Trump's best argument for his program is that, as president, the economy boomed — a trend which began when Obama was president — with strong stock market gains and job creation until March 2020, when COVID-19 hit.
He also has vowed that the wars in Gaza and Ukraine would be stopped, though he doesn't say how, and he has argued that he will continue to challenge allies who he believes have taken advantage of America's wealth. He has said regulations intended to spur the production and sale of electric vehicles would be rolled back, leaving in question how domestic automakers will compete globally in the future. He will bring prices down, he says, by pushing more energy production — meaning drilling for oil and natural gas — at a time when greenhouse gases are causing climate change. He has said he would restrict transgender people's participation in sports and gender-affirming care for federal prisoners.
As with Harris, some of this agenda — all the tax cuts, for instance — would have to rely on Congress passing it.
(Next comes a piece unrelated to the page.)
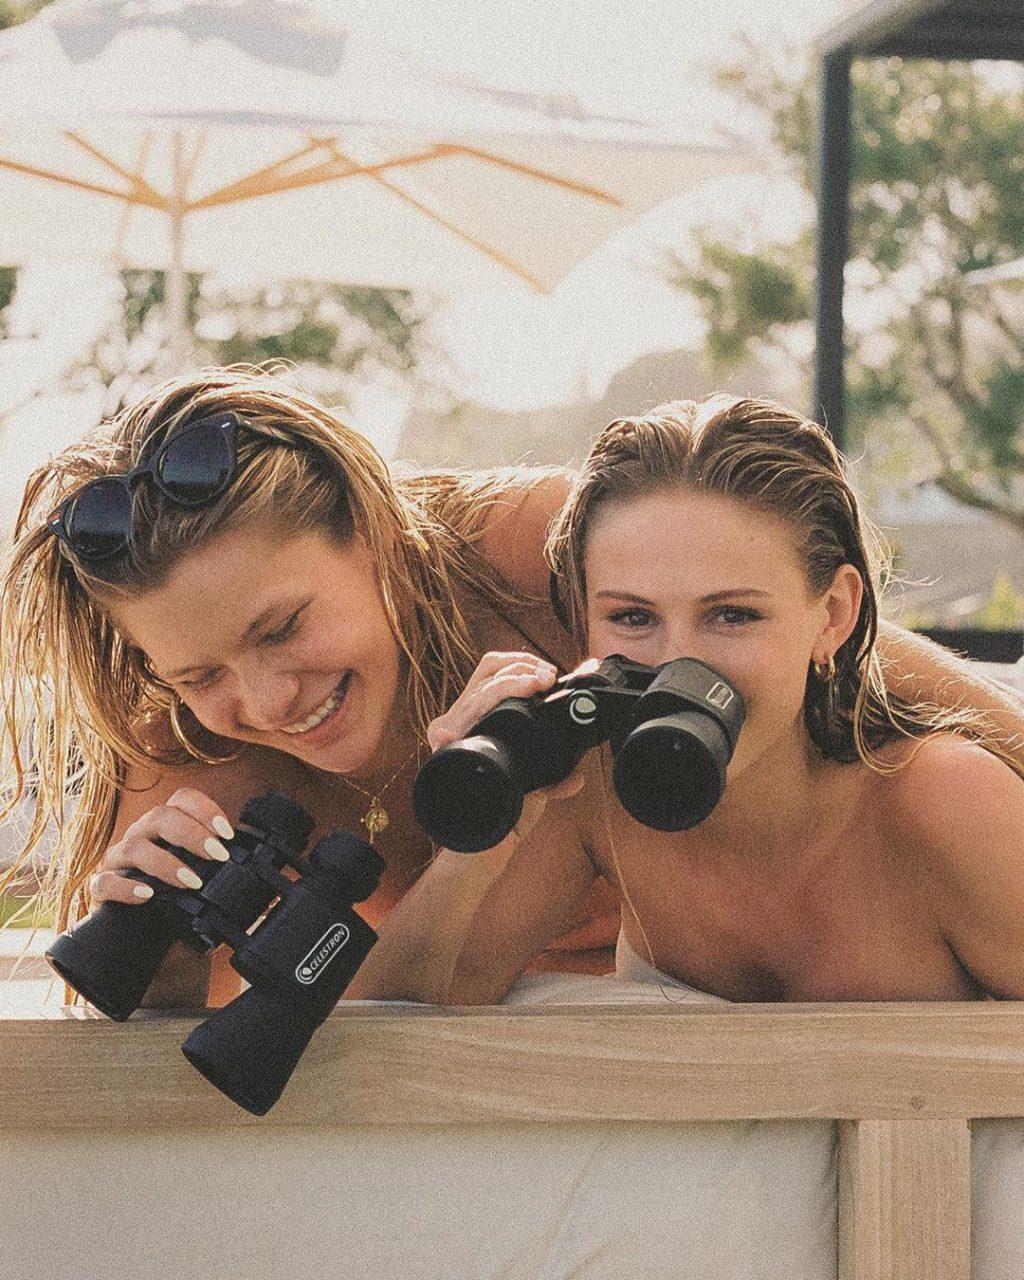 Josie Canseco & Scarlett Leithold See-Through

Certainly, Trump in his first term attempted to follow through on many of his stated campaign promises on immigration, trade and health care, though he often ran into interference from the courts, Congress, or the laws that govern the executive branch. A move to get rid of parts of the Affordable Care Act failed. But he renegotiated the free trade deal between the U.S., Canada and Mexico as promised (though he says it's inadequate now) and substantially stiffened immigration policies.
The big question in a second Trump term would be, what would he do without the prospect of a third term (from which he is barred by the Constitution)? What would he hope to be his legacy as president? And how would he attempt to follow through on his bolder promises, if at all?
Depending on the outcome this week, we may find out.
On a beautiful fall day Downriver about a month ago, Kenneth Seymour, 53, of Taylor, sat in his backyard enjoying a beer as the sun went down contemplating how he might vote. “I really am so torn on that,” he said, adding that while he leans conservative, he's "not a Trumper." “It’s just the bickering and the pride and arrogance of it all. It really just turns me off.” He bemoaned disinformation, out-of-touch political elites and a general atmosphere of hostility and fear.
“People acting like it’s going to be the end of the world if their political party don’t get in there," he said. "I can promise you, it will not be."
Seymour has since decided who he's voting for. He prefers not to say who he picked.